#### [Exercise brief]
Set each line of the records down again exactly, please.

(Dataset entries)

__________

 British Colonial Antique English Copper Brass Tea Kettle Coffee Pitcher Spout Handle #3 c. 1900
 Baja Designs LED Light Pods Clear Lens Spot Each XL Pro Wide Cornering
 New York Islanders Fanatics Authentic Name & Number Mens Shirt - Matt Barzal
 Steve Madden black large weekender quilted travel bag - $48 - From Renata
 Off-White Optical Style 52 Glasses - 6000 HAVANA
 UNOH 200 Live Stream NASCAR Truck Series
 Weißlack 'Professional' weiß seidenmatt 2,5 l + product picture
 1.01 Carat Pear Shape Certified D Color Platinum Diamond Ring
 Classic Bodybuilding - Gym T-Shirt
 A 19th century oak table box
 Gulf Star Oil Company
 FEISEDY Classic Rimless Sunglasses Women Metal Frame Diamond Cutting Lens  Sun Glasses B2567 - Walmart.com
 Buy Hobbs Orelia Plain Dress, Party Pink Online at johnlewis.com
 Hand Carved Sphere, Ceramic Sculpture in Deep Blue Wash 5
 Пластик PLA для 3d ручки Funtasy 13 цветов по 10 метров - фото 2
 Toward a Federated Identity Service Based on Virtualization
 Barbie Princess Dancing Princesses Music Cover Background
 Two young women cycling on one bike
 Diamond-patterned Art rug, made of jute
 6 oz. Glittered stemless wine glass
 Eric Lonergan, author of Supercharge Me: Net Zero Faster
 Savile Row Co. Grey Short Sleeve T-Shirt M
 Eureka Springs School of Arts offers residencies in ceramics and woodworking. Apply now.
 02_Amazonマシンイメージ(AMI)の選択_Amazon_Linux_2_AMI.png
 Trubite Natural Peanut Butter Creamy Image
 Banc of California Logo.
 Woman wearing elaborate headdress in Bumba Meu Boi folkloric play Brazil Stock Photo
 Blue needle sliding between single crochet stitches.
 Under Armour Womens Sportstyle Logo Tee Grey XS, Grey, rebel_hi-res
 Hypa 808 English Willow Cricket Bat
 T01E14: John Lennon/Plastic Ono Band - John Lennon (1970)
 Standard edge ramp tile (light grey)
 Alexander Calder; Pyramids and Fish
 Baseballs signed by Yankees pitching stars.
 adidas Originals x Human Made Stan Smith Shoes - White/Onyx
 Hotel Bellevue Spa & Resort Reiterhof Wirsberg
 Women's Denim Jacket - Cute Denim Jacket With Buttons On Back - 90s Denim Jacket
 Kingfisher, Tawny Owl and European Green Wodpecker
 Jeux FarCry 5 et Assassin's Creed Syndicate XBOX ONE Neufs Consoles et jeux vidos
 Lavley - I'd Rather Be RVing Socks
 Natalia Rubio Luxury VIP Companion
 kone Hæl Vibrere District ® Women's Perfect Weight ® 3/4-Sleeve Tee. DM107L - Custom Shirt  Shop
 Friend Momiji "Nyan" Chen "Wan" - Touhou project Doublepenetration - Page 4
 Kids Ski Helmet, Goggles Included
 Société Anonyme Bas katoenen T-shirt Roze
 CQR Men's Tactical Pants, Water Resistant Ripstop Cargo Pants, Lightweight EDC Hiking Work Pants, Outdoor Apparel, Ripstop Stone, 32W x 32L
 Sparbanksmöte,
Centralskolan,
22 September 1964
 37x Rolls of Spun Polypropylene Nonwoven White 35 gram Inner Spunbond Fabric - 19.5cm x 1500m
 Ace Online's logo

__________

#### [Final answer]
 British Colonial Antique English Copper Brass Tea Kettle Coffee Pitcher Spout Handle #3 c. 1900
 Baja Designs LED Light Pods Clear Lens Spot Each XL Pro Wide Cornering
 New York Islanders Fanatics Authentic Name & Number Mens Shirt - Matt Barzal
 Steve Madden black large weekender quilted travel bag - $48 - From Renata
 Off-White Optical Style 52 Glasses - 6000 HAVANA
 UNOH 200 Live Stream NASCAR Truck Series
 Weißlack 'Professional' weiß seidenmatt 2,5 l + product picture
 1.01 Carat Pear Shape Certified D Color Platinum Diamond Ring
 Classic Bodybuilding - Gym T-Shirt
 A 19th century oak table box
 Gulf Star Oil Company
 FEISEDY Classic Rimless Sunglasses Women Metal Frame Diamond Cutting Lens  Sun Glasses B2567 - Walmart.com
 Buy Hobbs Orelia Plain Dress, Party Pink Online at johnlewis.com
 Hand Carved Sphere, Ceramic Sculpture in Deep Blue Wash 5
 Пластик PLA для 3d ручки Funtasy 13 цветов по 10 метров - фото 2
 Toward a Federated Identity Service Based on Virtualization
 Barbie Princess Dancing Princesses Music Cover Background
 Two young women cycling on one bike
 Diamond-patterned Art rug, made of jute
 6 oz. Glittered stemless wine glass
 Eric Lonergan, author of Supercharge Me: Net Zero Faster
 Savile Row Co. Grey Short Sleeve T-Shirt M
 Eureka Springs School of Arts offers residencies in ceramics and woodworking. Apply now.
 02_Amazonマシンイメージ(AMI)の選択_Amazon_Linux_2_AMI.png
 Trubite Natural Peanut Butter Creamy Image
 Banc of California Logo.
 Woman wearing elaborate headdress in Bumba Meu Boi folkloric play Brazil Stock Photo
 Blue needle sliding between single crochet stitches.
 Under Armour Womens Sportstyle Logo Tee Grey XS, Grey, rebel_hi-res
 Hypa 808 English Willow Cricket Bat
 T01E14: John Lennon/Plastic Ono Band - John Lennon (1970)
 Standard edge ramp tile (light grey)
 Alexander Calder; Pyramids and Fish
 Baseballs signed by Yankees pitching stars.
 adidas Originals x Human Made Stan Smith Shoes - White/Onyx
 Hotel Bellevue Spa & Resort Reiterhof Wirsberg
 Women's Denim Jacket - Cute Denim Jacket With Buttons On Back - 90s Denim Jacket
 Kingfisher, Tawny Owl and European Green Wodpecker
 Jeux FarCry 5 et Assassin's Creed Syndicate XBOX ONE Neufs Consoles et jeux vidos
 Lavley - I'd Rather Be RVing Socks
 Natalia Rubio Luxury VIP Companion
 kone Hæl Vibrere District ® Women's Perfect Weight ® 3/4-Sleeve Tee. DM107L - Custom Shirt  Shop
 Friend Momiji "Nyan" Chen "Wan" - Touhou project Doublepenetration - Page 4
 Kids Ski Helmet, Goggles Included
 Société Anonyme Bas katoenen T-shirt Roze
 CQR Men's Tactical Pants, Water Resistant Ripstop Cargo Pants, Lightweight EDC Hiking Work Pants, Outdoor Apparel, Ripstop Stone, 32W x 32L
 Sparbanksmöte,
Centralskolan,
22 September 1964
 37x Rolls of Spun Polypropylene Nonwoven White 35 gram Inner Spunbond Fabric - 19.5cm x 1500m
 Ace Online's logo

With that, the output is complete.